In short: base ensures the availability of services as much as possible through eventual consistency. Note the last sentence of the figure "but I think it's a spectrum", that is, acid base is only a matter of degree, not the opposite of the two extremes.

2002, in Brewer ' s conjecture and the feasibility of consistent, available, partition-tolerant Web services, The two authors demonstrated the CAP conjecture through an asynchronous network model, thus upgrading Brewer's conjecture into a theory (theorem). But to tell you the truth, I didn't read the article very clearly.

In the 2009 article Brewers-cap-theorem, the author gives a relatively simple proof:

As shown, n1,n2 two nodes store the same data V, the current state is V0. Running on the node N1 is a safe and reliable write algorithm A, in the node N2 is the same reliable read algorithm B, that is, the N1 node is responsible for the write operation, the N2 node is responsible for the read operation. The data written by the N1 node is also automatically synchronized to the N2, and the synchronized message is called M. If partitioning occurs between n1,n2, there is no guarantee that message m will reach N2 within a certain amount of time.

From the point of view of the matter

α This transaction consists of manipulating α1,α2, where α1 is writing data and α2 is reading data. If it is a single point, it is easy to ensure that α2 can read the data written by α1. In the case of a distributed situation, the α2 can not be guaranteed to read the data written by the α1 unless it can control the α2 time, but any control (such as blocking, data centralization, etc.) either destroys partition fault tolerance or loses availability.

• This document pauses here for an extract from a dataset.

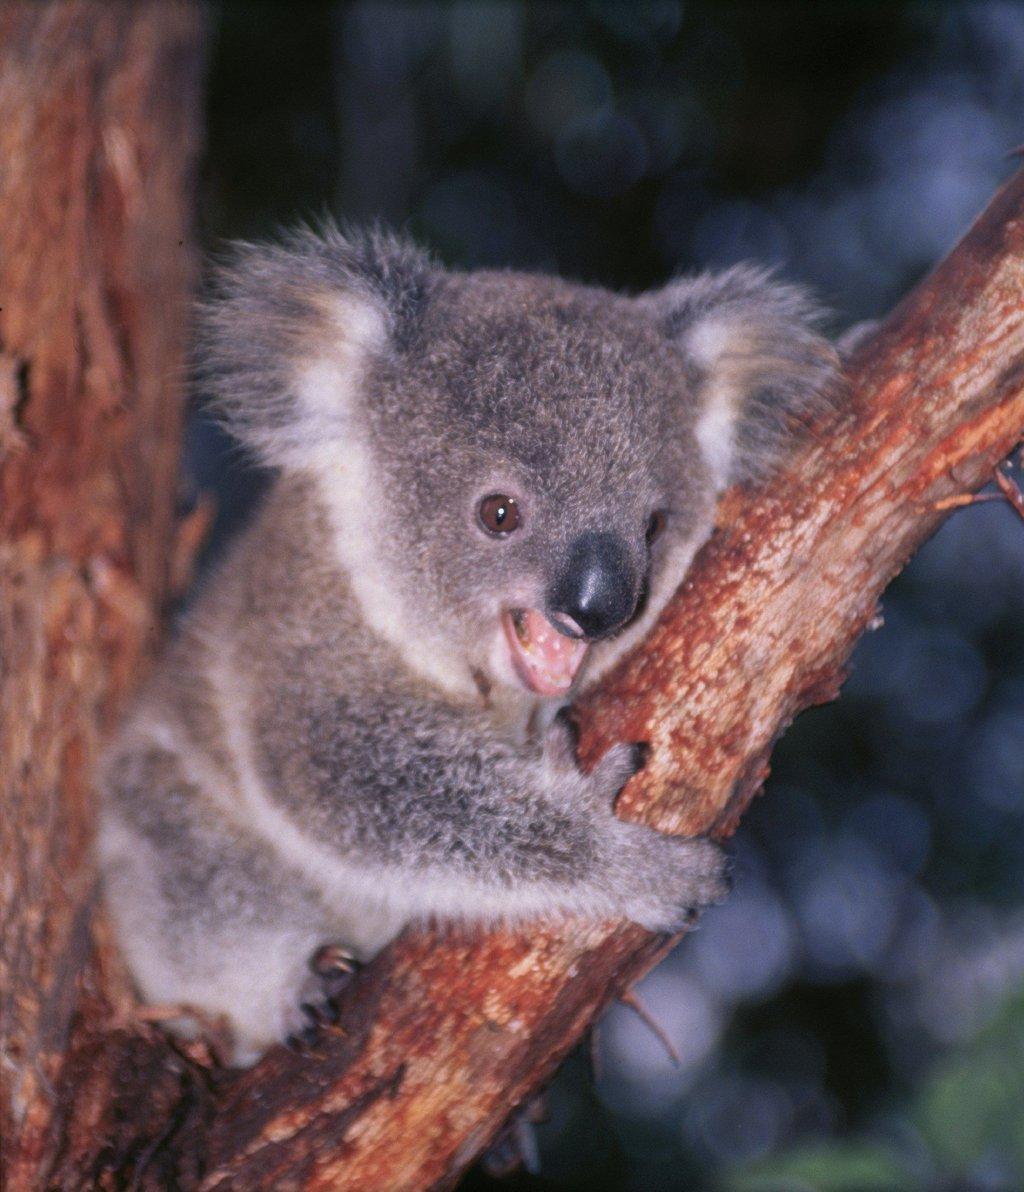 Cute baby koala - Pics of baby koalas ...
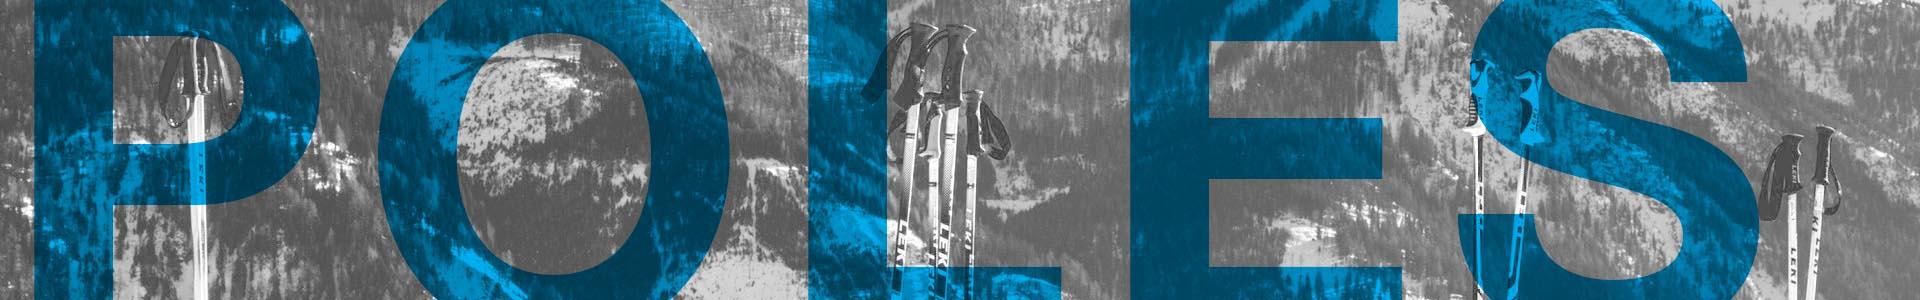 ski-poles-1920x300.jpg

In addition, this article points out that in many cases availability is more important than consistency, such as Facebook, Google and so on, the short-term unavailability will bring huge losses.

The 2010 article, brewers-cap-theorem-on-distributed-systems/, uses three examples to illustrate the CAP, example1: Single point of Mysql;example2: two MySQL, But different MySQL stores different subsets of data (similar to sharding); Example3: Two MySQL, an insert operation on a that requires a successful execution on B to assume that the operation is complete (similar to a copy set). The authors argue that strong consistency can be guaranteed on both example1 and example2, but not guaranteed, and in the Example3 case, because of the presence of partitions (partition), there is a tradeoff between consistency and availability.

In my opinion, it is best to discuss the CAP theory under the premise of "Distributed Storage System", usability is not the availability of the overall service, but the availability of a sub-node in a distributed system. So it feels like the example above is not quite right.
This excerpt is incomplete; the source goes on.